Плачь, плачь, Дегтярёва, есть тебе о ком плакать.
Думала ли Марья Николаевна, что придётся ей в эти полгода, что прошли со дня ухода мужа на войну, принять на свои плечи такую большую заботу.
Сегодня, в это ясное осеннее утро представилось ей, вспомнилось прошедшее время.
Уходил муж на войну, и в этот час сердце её было полно тоски, боли, представлялась жизнь без хозяина в доме, мучила тревога, что ж с детьми, прокормлю ли, сумею ли...
А случилось, что не за одну свою семью, не за одних своих детей, не за свою избу и дрова для своей печи приняла она ответ...
С чего началось? То ли с собрания, когда она первый раз в жизни заговорила перед десятками людей и все слушали её, и она с внезапно пришедшей уверенностью и спокойствием, следя за выражением лиц, проверяла правду и вес своих слов.

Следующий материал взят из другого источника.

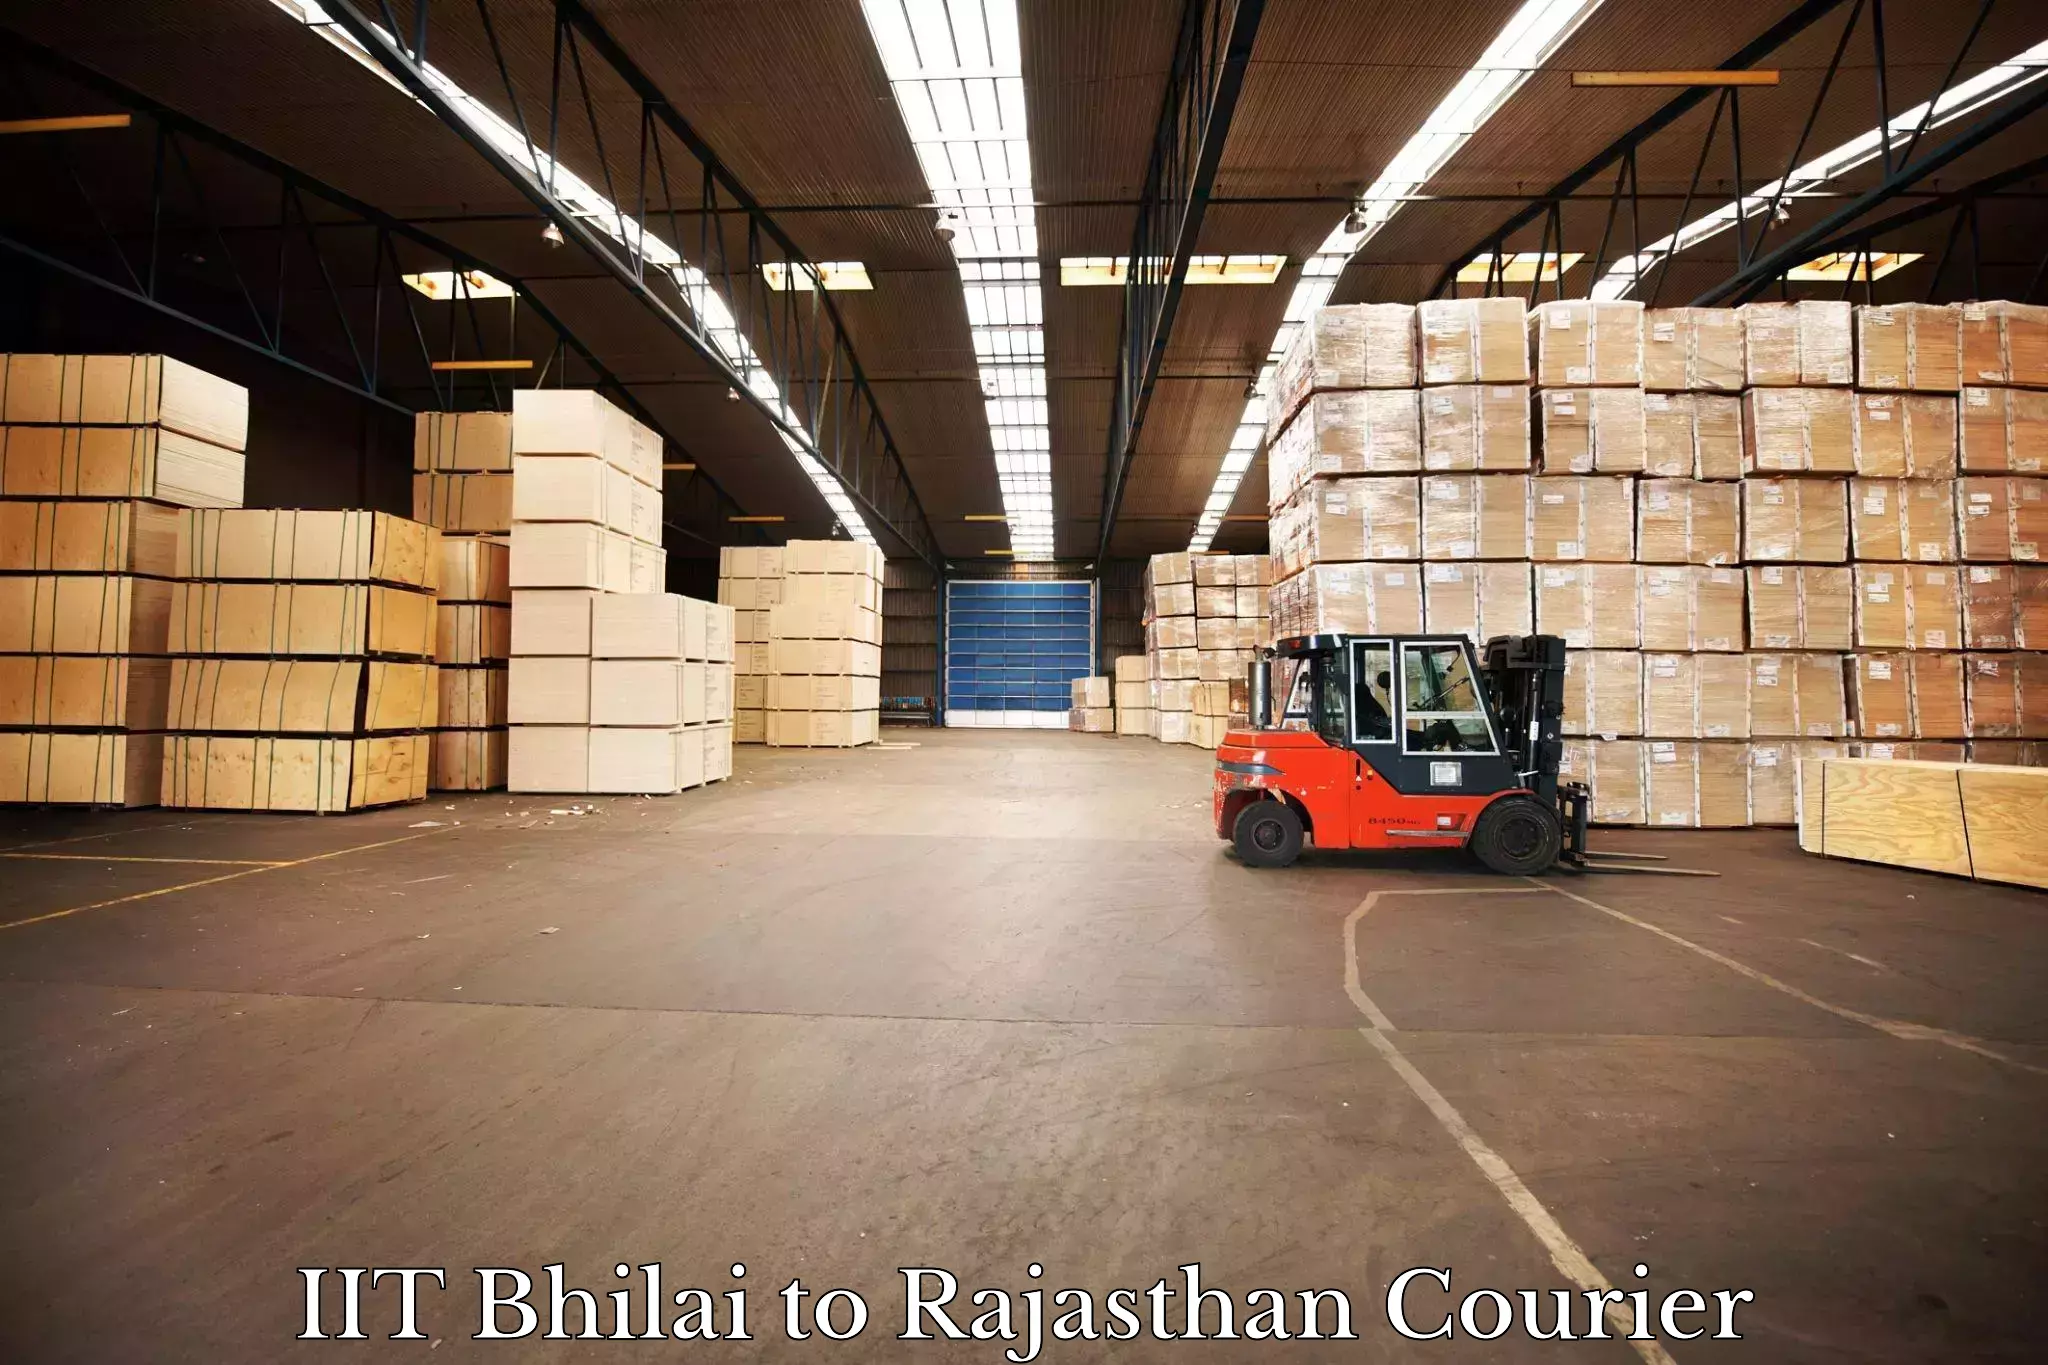 Next-day delivery options IIT Bhilai to Ajmer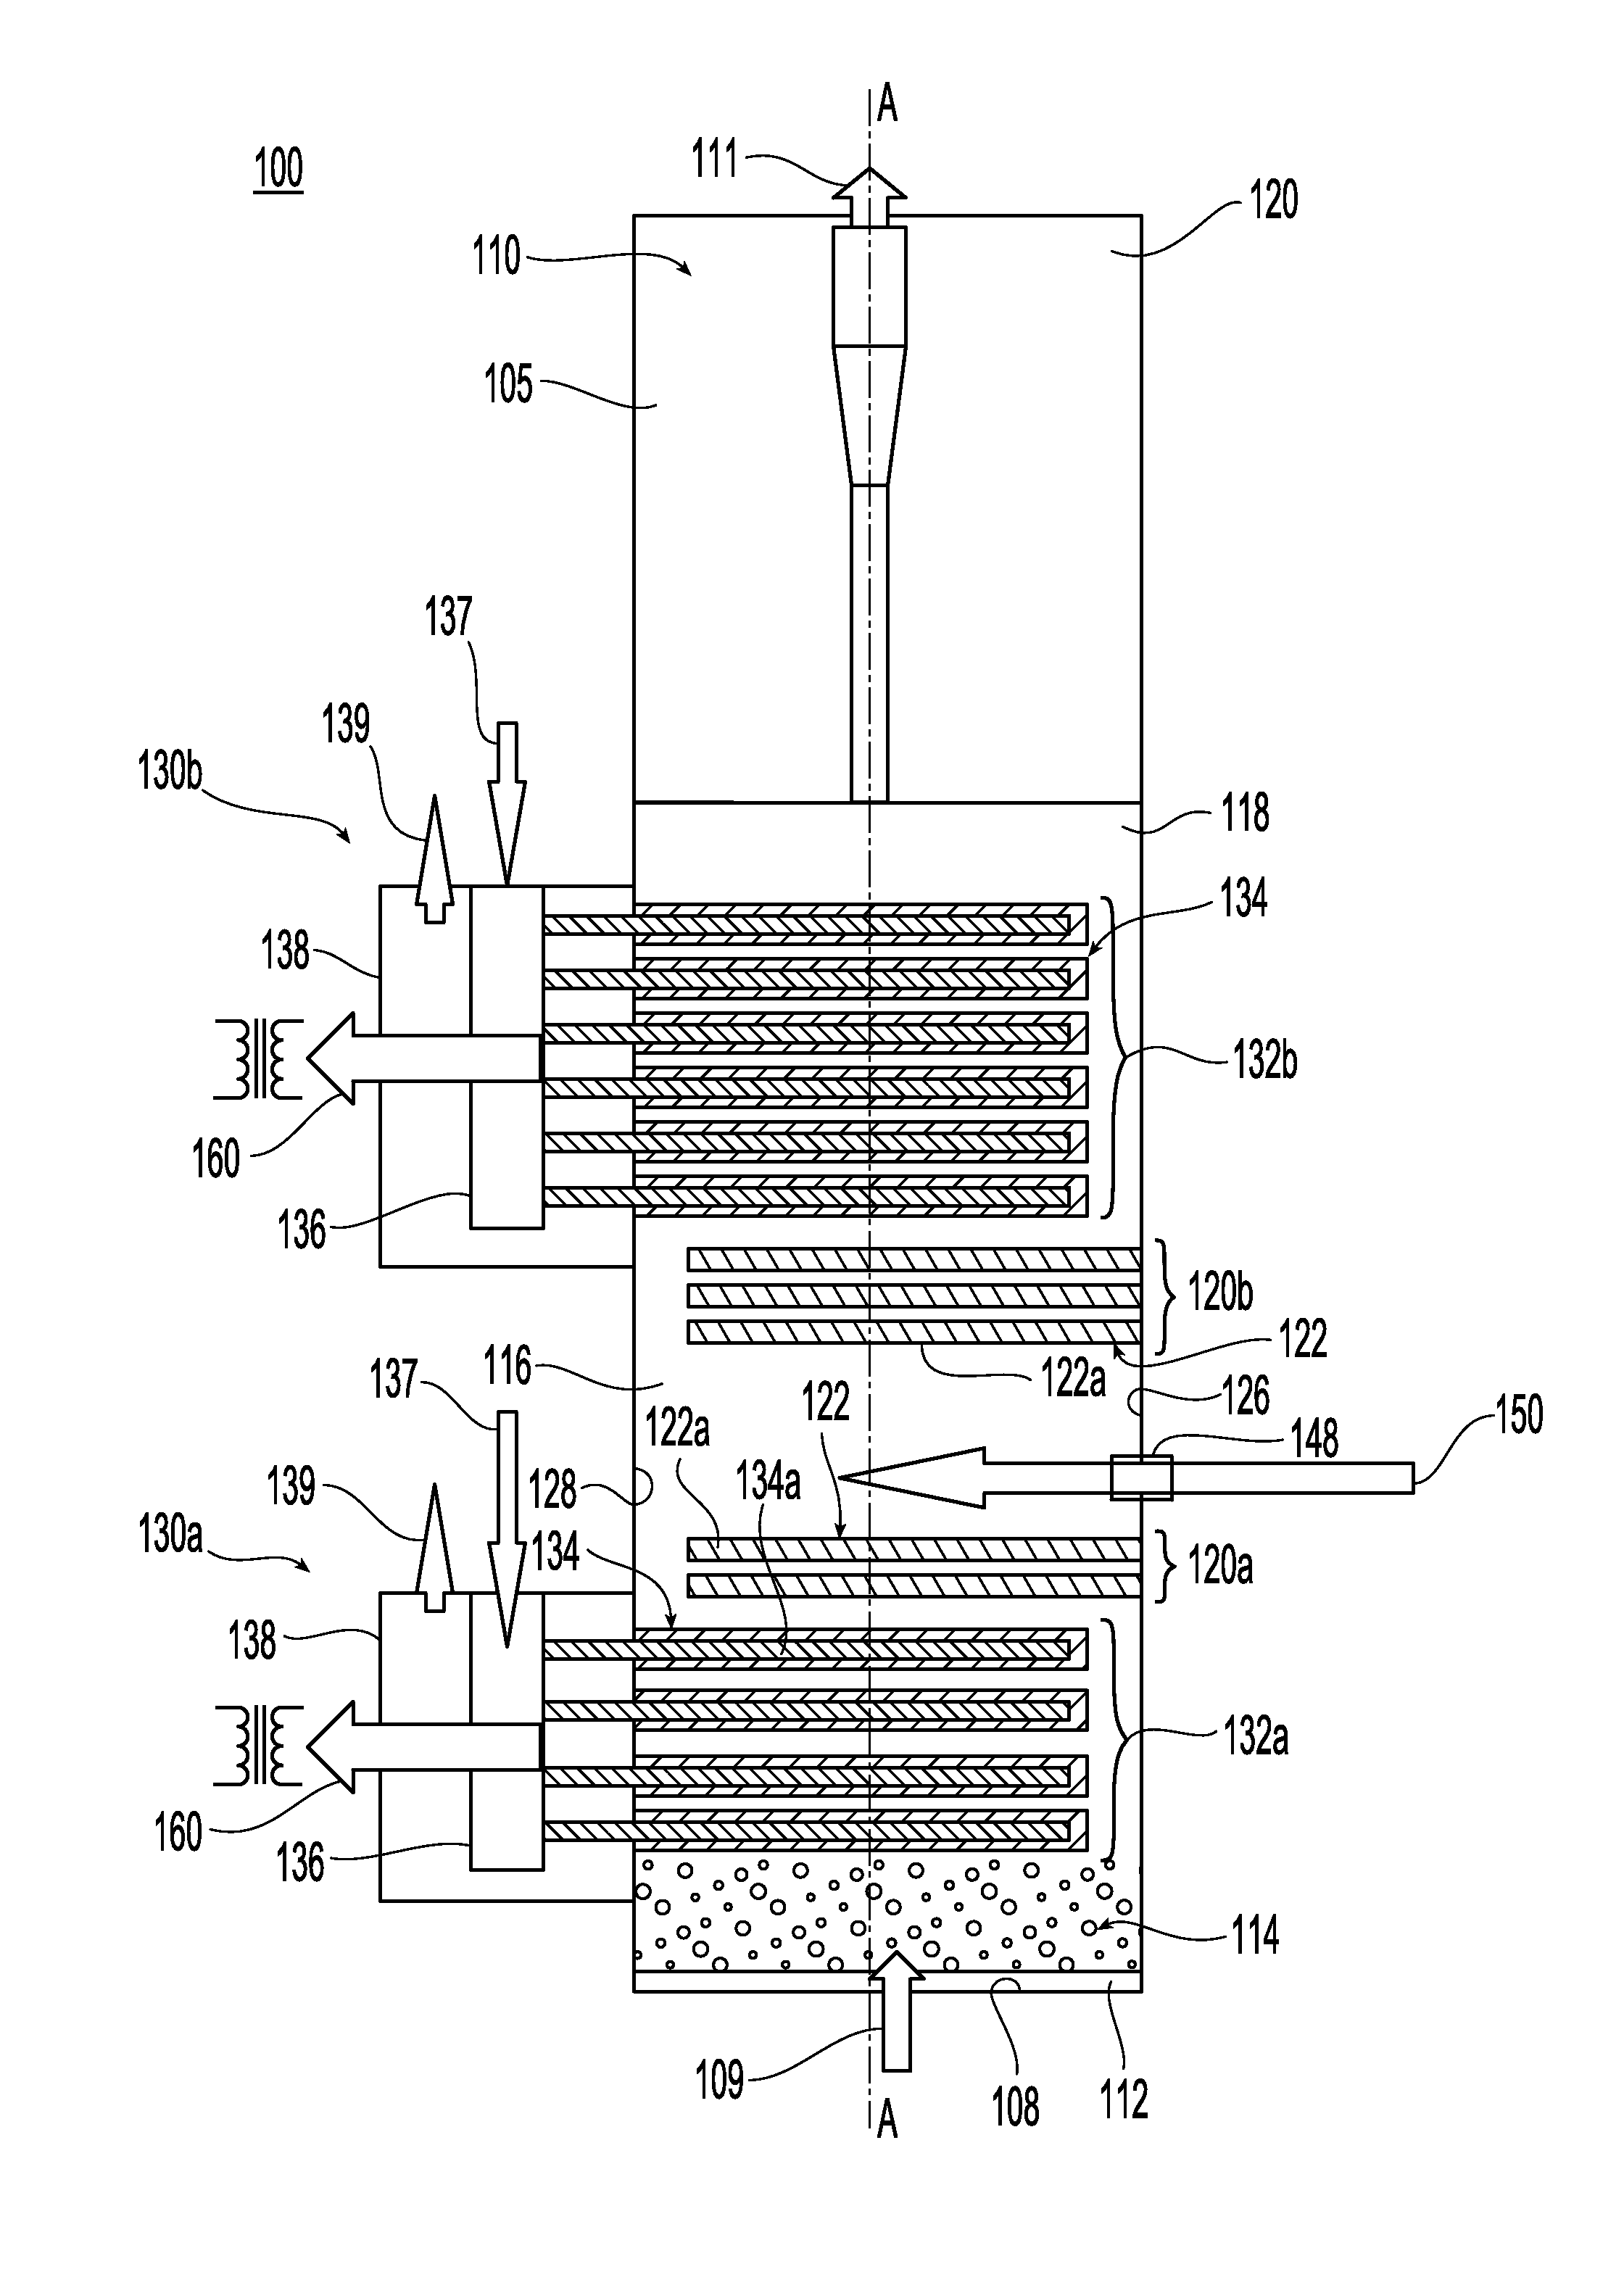 Gasifier having integrated fuel cell power generation system

То ли началось это в поле, где она жестоко, медленно произнося слова, отчитала председателя, пришедшего навести критику на работу женской бригады
Конечно, трудно, очень трудно было, но и себя она не жалела в работе - не найдётся человека, который мог бы её упрекнуть.
Старик Козлов подошёл к ней и сказал: насмешливо:
- Видишь, Вавилова, бригадир-бомбардир, были бы наши сыновья да младшие братья, были бы шофера да механики, тракторы да грузовики - к Покрову бы закончили и уборку и обмолот. А в вашей бабьей конторе шуму много, а что толку? Снег пойдёт, а вы всё ещё жать да молотить будете.
Марья Николаевна оглядела узкоглазого, кадыкастого Козлова, хотела сказать ему грубое слово, но сдержалась - он ведь сердился оттого, что приходится ему работать подручным у девчонки; ведь и старуха-жена вечером, стоя у ворот, встречает его насмешливо:
- Что, Клашкин кочегар, домой пришёл, отпустил тебя механик?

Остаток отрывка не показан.